In this case - there's nothing that has been removed from the study design relating to the binomial distribution. So technically, no, it hasn't been removed. I'm going to be honest, I don't remember having seen these types of questions being asked for a while (although S_R_K is probably a better judge of that than me), so if you're that worried, feel free to take the gamble. However, they're also not that hard, it's just different thinking - so could be worth learning that section so you get the new way of thinking.

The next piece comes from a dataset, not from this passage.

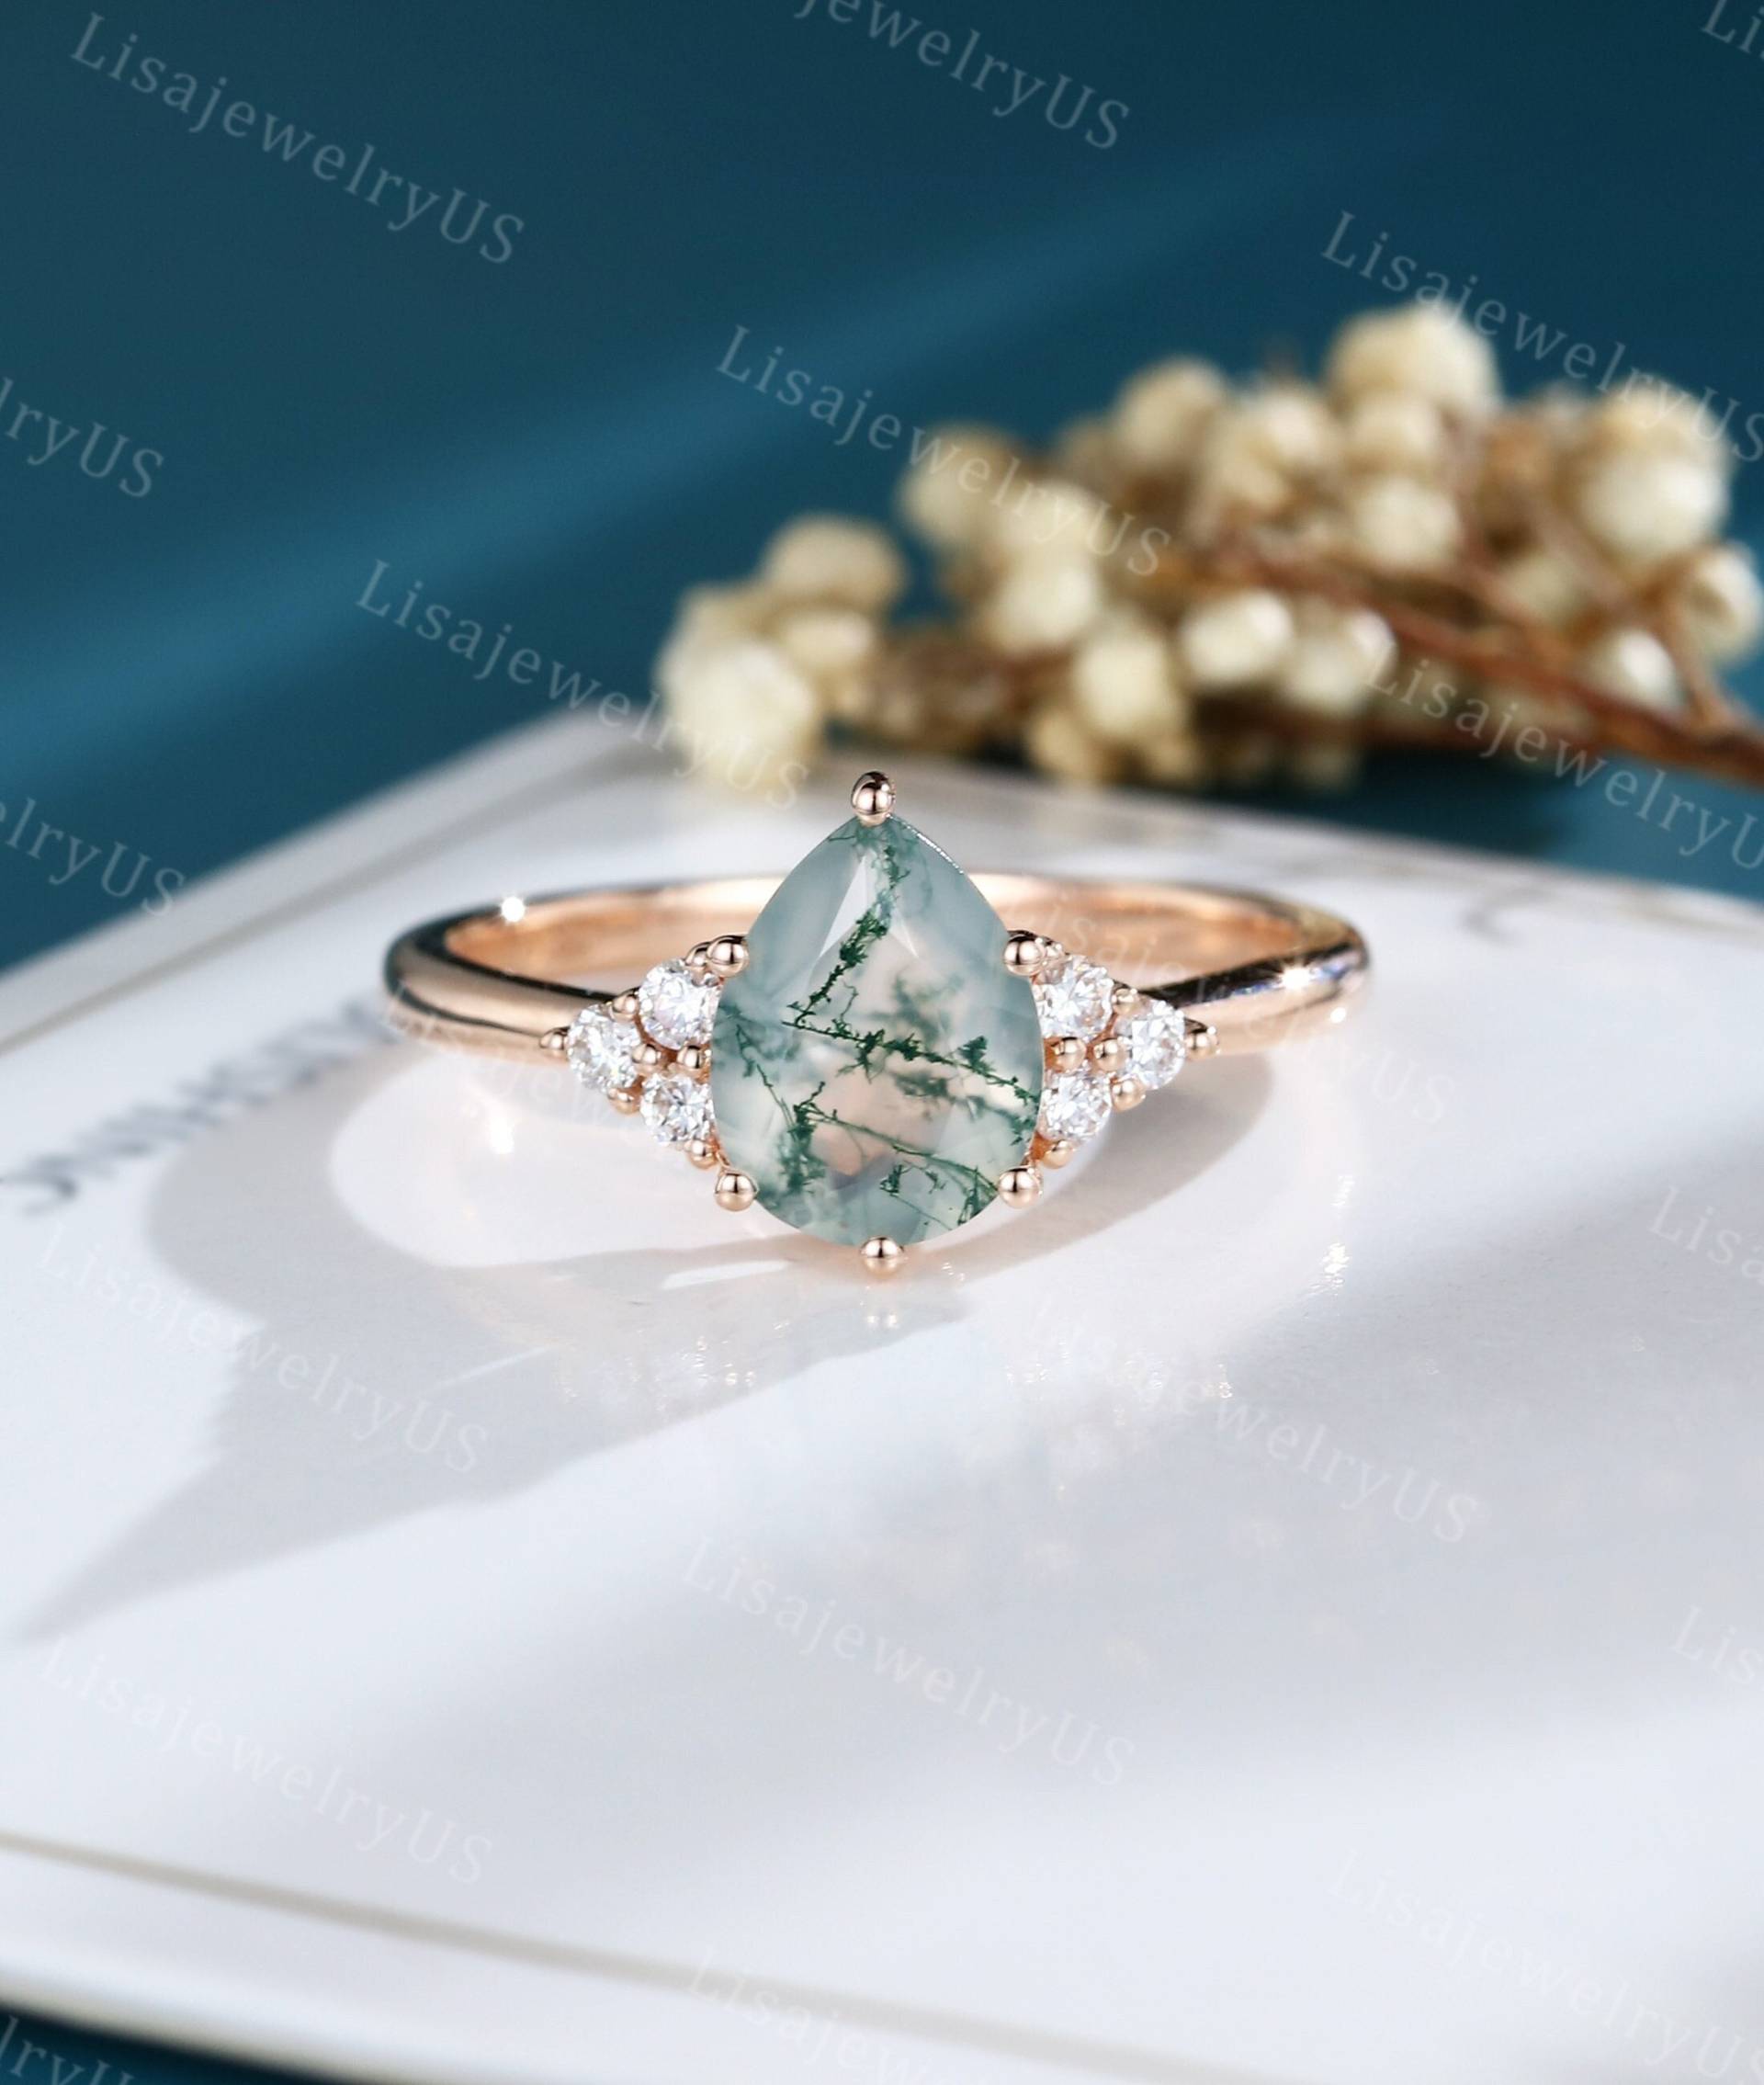 Birnenförmiger Moosachat Verlobungsring Massiver Roségold Vintage Art Deco Einzigartiger Zierlicher Cluster-Diamant-Braut-Verlobungsring von LisajewelryUS

how would i convert an equation from slope-intercept form (y=mx+c) to standard form (ax+by=c) using ONLY cas (tinspire specifically)? i know it's often easier to do this by-hand but....just in case

I don't know of a CAS function that can do this, but I cannot think of a single instance you'll be required to do this on a CAS and not in your head or on the page. All you do is multiply both sides by the denominator of m, then by the denominator of c, then move the x term to the other side. TBH, if the question asked (and I can promise you - VCAA will never ask this) you, "Convert y=(5/6)x + (2/3) into standard form using only your CAS", you should be able to do that in your head and just write, "by CAS, 18y-15x = 12". It's not like you submit your calculator for inspection after the exam, so.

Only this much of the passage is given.